The Kandinsky was one of a small group of pictures that Sotheby’s assembled to pick up on the global attention generated by the centenary of the birth of the Bauhaus. The star of this section was undoubtedly a rare and great example of Oskar Schlemmer’s work in this period. The spare interior, Group at a Table (1923) was estimated at £1-1.5 million ($1.3-2 million), close to a record for the artist, and attracted a late third-party guarantee. A shrewd move that, as the painting attracted strong bidding from Levy Gorvy gallery before selling to one of two Russian phone bidders for a new record: £2.6 million ($3.4 million). If they weren’t the buyer, the guarantor will pocket a few hundred grand as part of the upside.
Another Nahmad picture included an early Pablo Picasso still life of flowers which the family had bought back in 1988 for £880,000. They tried to sell it in November 2011 with a $3.5 million estimate, but it went unsold. Now, estimated at a reduced £1.6 million to £2.4 million ($2-3 million) it was one of three lots withdrawn from the sale, presumably due to lack of pre-sale interest.
Coming from the Museum of Modern Art in New York’s collection was an early fauvist painting of a reclining woman in 1906 by the German Expressionist Ernst Ludwig Kirchner. Uncharacteristic, perhaps, but historically interesting, it sold to a Citibank art advisor for a top estimate £3.8 million ($5 million).
In the surrealist section of the sale, Magritte may have been the dominant figure with a Janus-like composition of a Native American and his wife, Georgette, which sold on the high estimate to a US collector for £5.3 million ($7 million). But the star of the night was Francis Picabia’s Atrata (1929), a zany painting from the artist’s transparencies series which he made in the 1920s and ’30s, so named because of the transparent layers in which he executed the paintings that predominantly feature attractive women with beseeching eyes.

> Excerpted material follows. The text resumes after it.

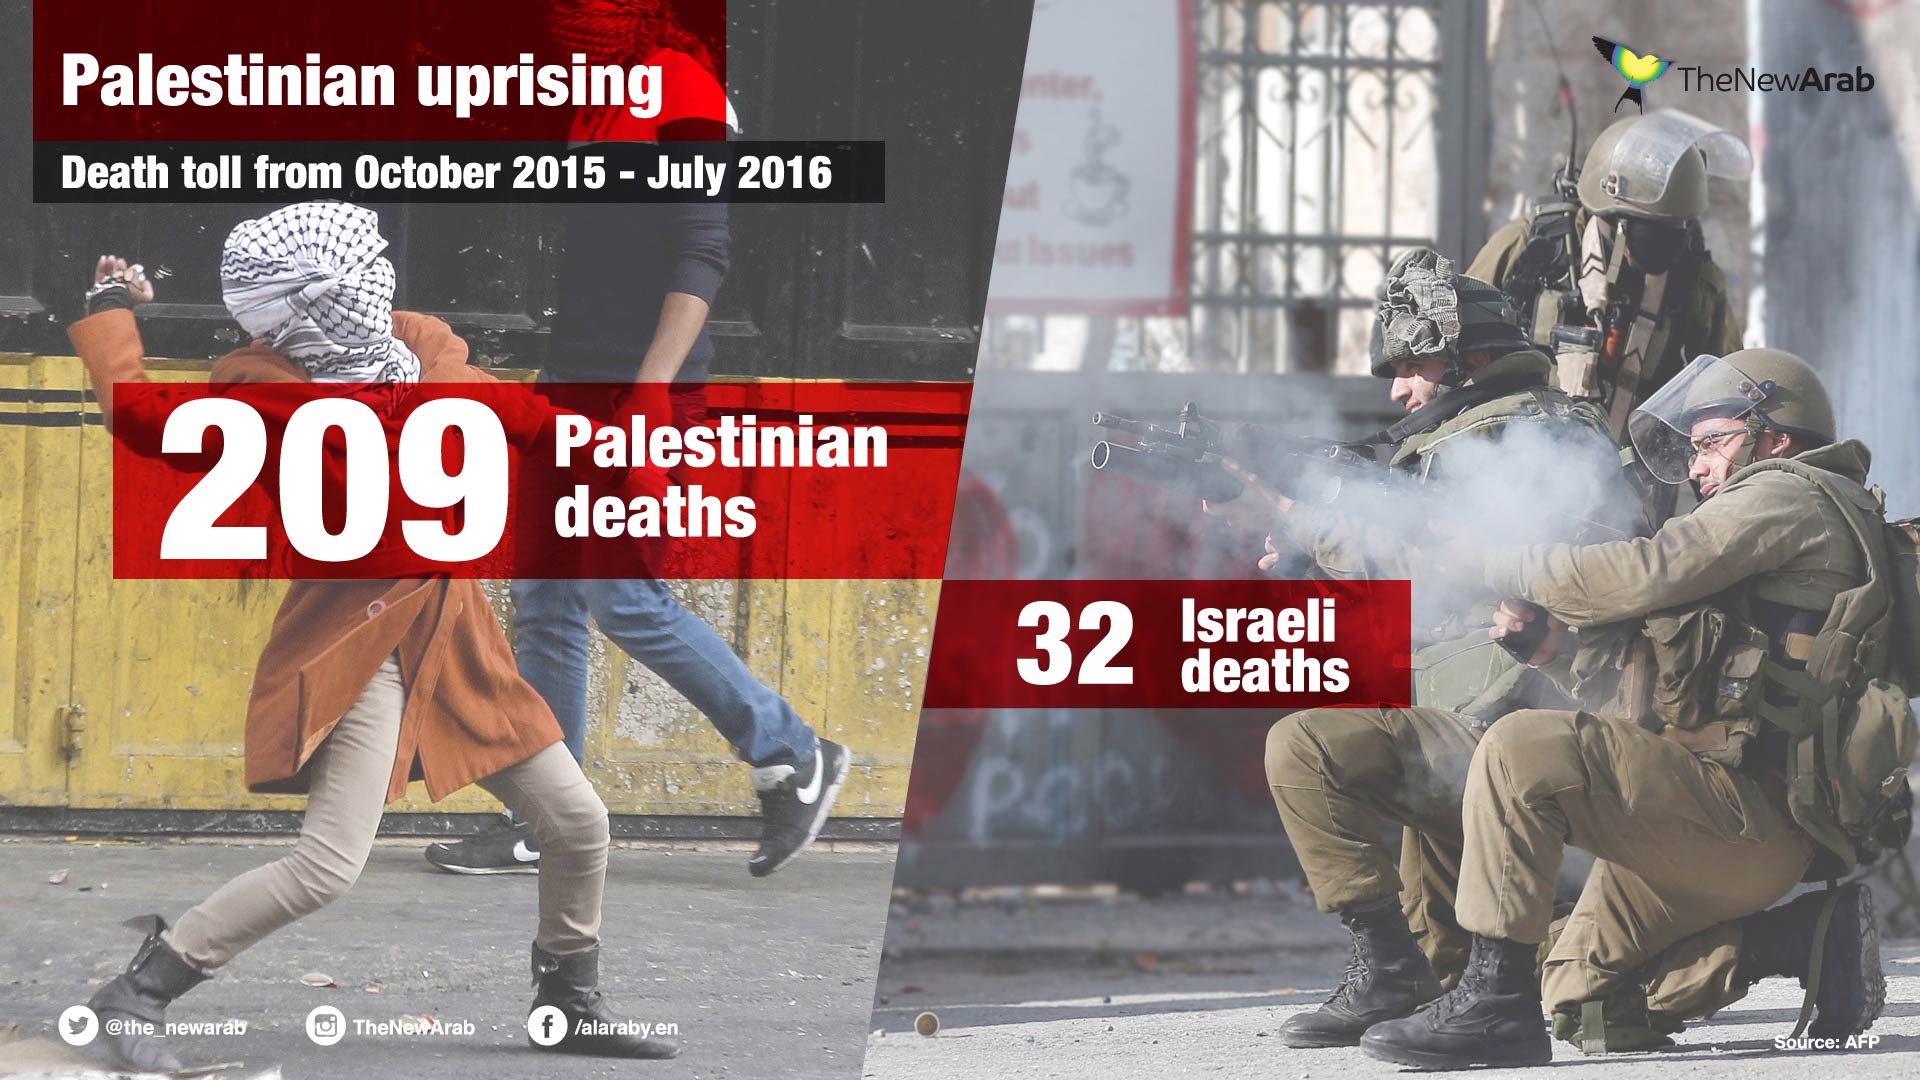 palestinian_uprising-03 lower res.jpg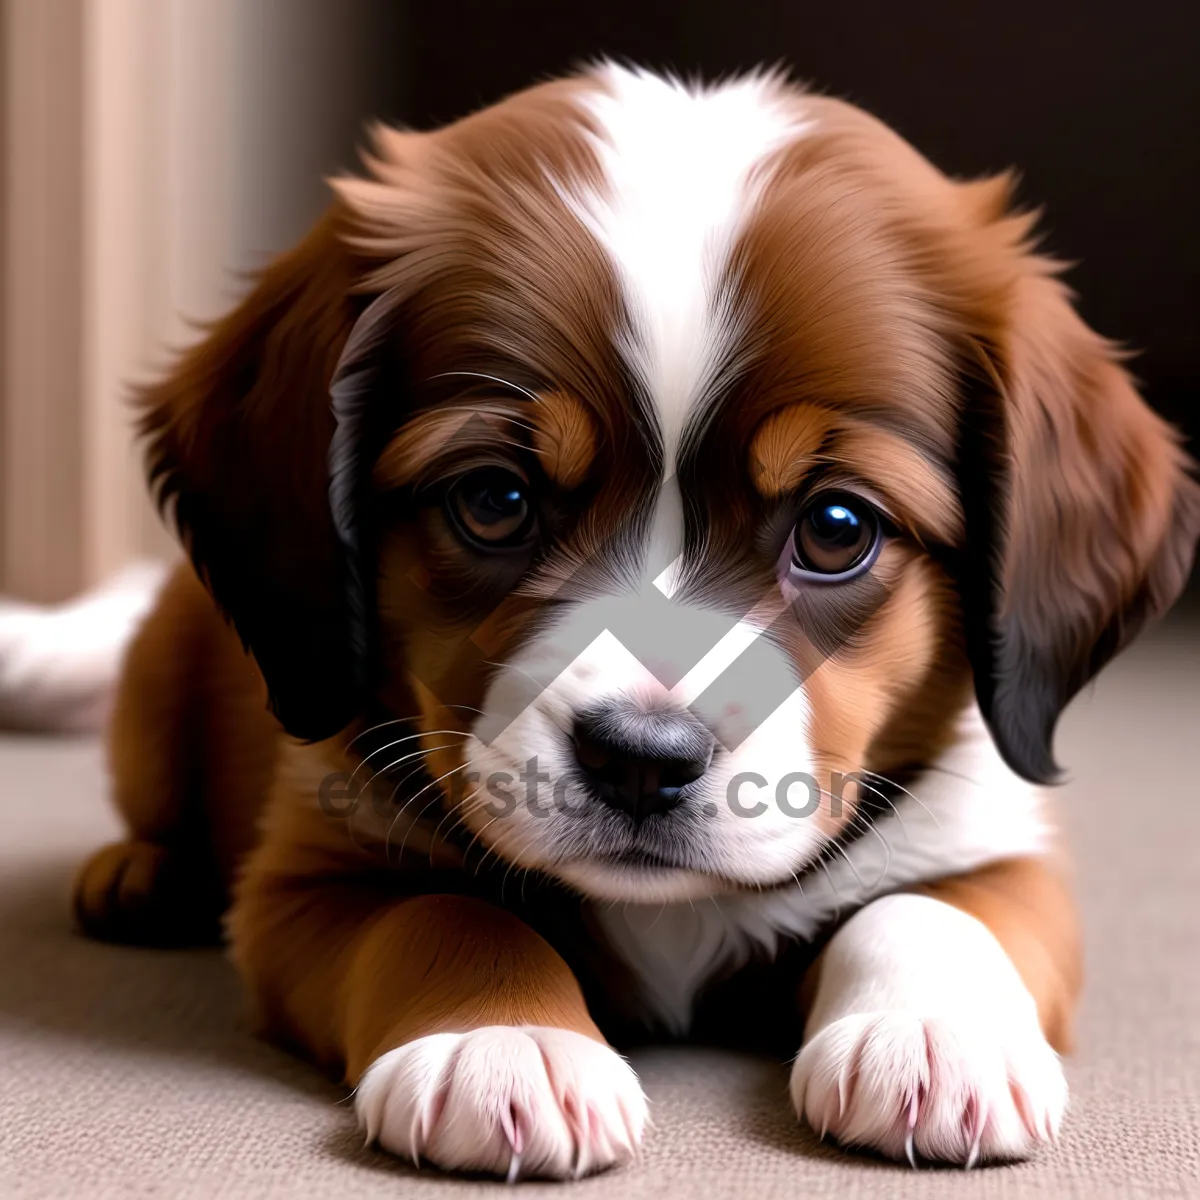 Picture of Cute Toy Spaniel Puppy - Adorable Fur Companion Portrait

The painting had been with the same family since it was bought in Paris in 1974 for 108,000 Francs (£10,800) and attracted seven bidders, many from Asia, before selling to Sotheby’s Ollie Barker of the contemporary art department for a double estimate £3.7 million ($4.9 million). It was also a record for a Picabia transparency painting.
“Given the current political and economic uncertainty, the sale did extraordinarily well, due in part I think to the power of international collectors buying in dollars,” said Sotheby’s former co-chairman Melanie Clore, now of Clore Wyndham Fine Art. “In particular those from Asia and the US seemed very active.” And, in relation to the low value of the pound sterling, “some of the pre-sale estimates were enticing for those buyers in key international markets.”